Mineral network analysis has been used in recent years to investigate evolving mineral chemistry [59,60,61,62], predict mineral oxidation state and environmental redox conditions [63,64], and understand the locality distribution of a range of different minerals and their constituent elements [25,58,65,66]. Each element’s mineral chemistry has a unique network structure based on the chemical associations or locality distribution within the network [53]. Oxygen fugacity is an important factor in magmatic–hydrothermal mineralization and the speciation of multivalent elements [67,68,69,70]. The O fugacities related to SnO and SnO2 activity can closely describe the redox conditions of host magma fluids [71,72,73]. Conversely, W operates as an incompatible element irrespective of redox state [74,75]. Along these lines, Sn and W have various mineral chemistry network differences that reflect the O fugacity and redox properties of the two elements (Figure 1 and Figure 2).

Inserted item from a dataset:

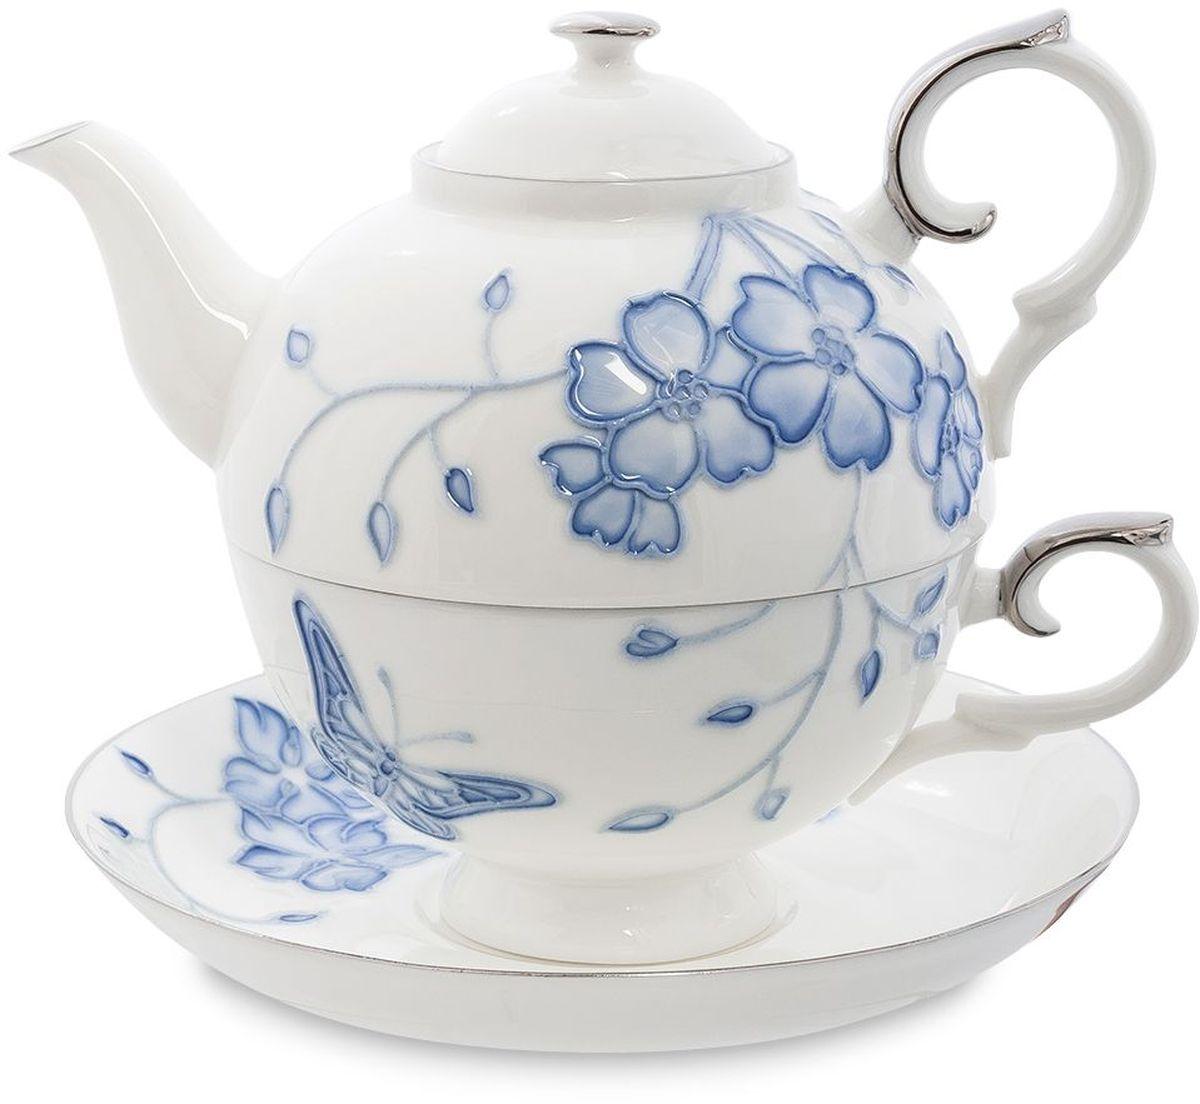 Набор чайный Pavone Голубая бабочка, 3 предмета. 451604115510Объем чайника: 400 млОбъем чаши: 250 млДиаметр блюдца: 15 см
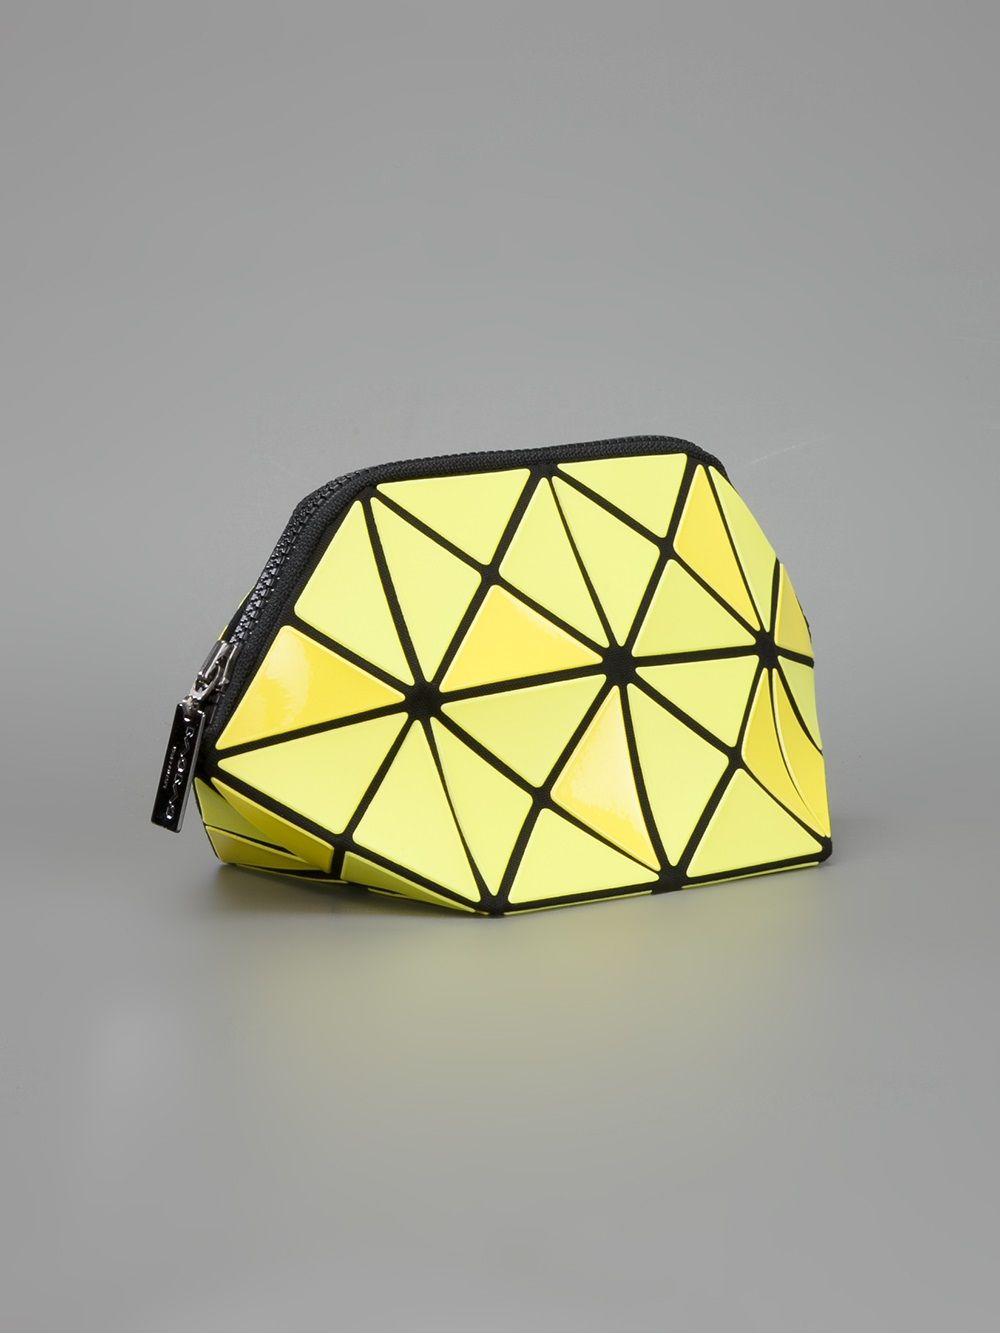 Bao Bao Issey Miyake Geometric Paneled Clutch - Bernardelli - Farfetch.com

The distinct network separation of S-containing Sn minerals from O-containing Sn minerals represents a dramatic divergence in mineral chemistry between reduced and oxidized Sn. Such Sn redox sensitivity has been previously observed in the average O fugacities (LogfO2) of Sn-related Yanshanian granites in South China, which are lower than all other evaluated Yanshanian granites (e.g., Cu-Au-Mo-, +4.22; Cu-Pb-Zn-, +3.51; W-, +3.78; W-Sn-, +1.71; and Sn-related granites, −0.83, [76]). Oxygen fugacity is an important control on Sn-granite formation in other systems as well [77,78]. Additionally, S-containing Sn minerals contain almost exclusively high-density, high-molecular-weight, soft acid–base elements vs. O-containing Sn minerals, which contain mostly low-density, low-molecular-weight hard acid–base elements. The Cretaceous Sn mineralization event in Southwest China was controlled by roll-back of the subduction plate of the New Tethys Ocean that formed granite with low O fugacity that was rich in F and Cl (hard and intermediate bases, [79]). This Sn mineral chemistry network structure very closely aligns with hard–soft acid–base chemistry to an even greater extent than previous network studies that included all mineral-forming elements in a full mineral chemistry network [53]. In both the Sn mineral chemistry network and the full mineral chemistry network, S-containing minerals largely group separately from O-containing minerals.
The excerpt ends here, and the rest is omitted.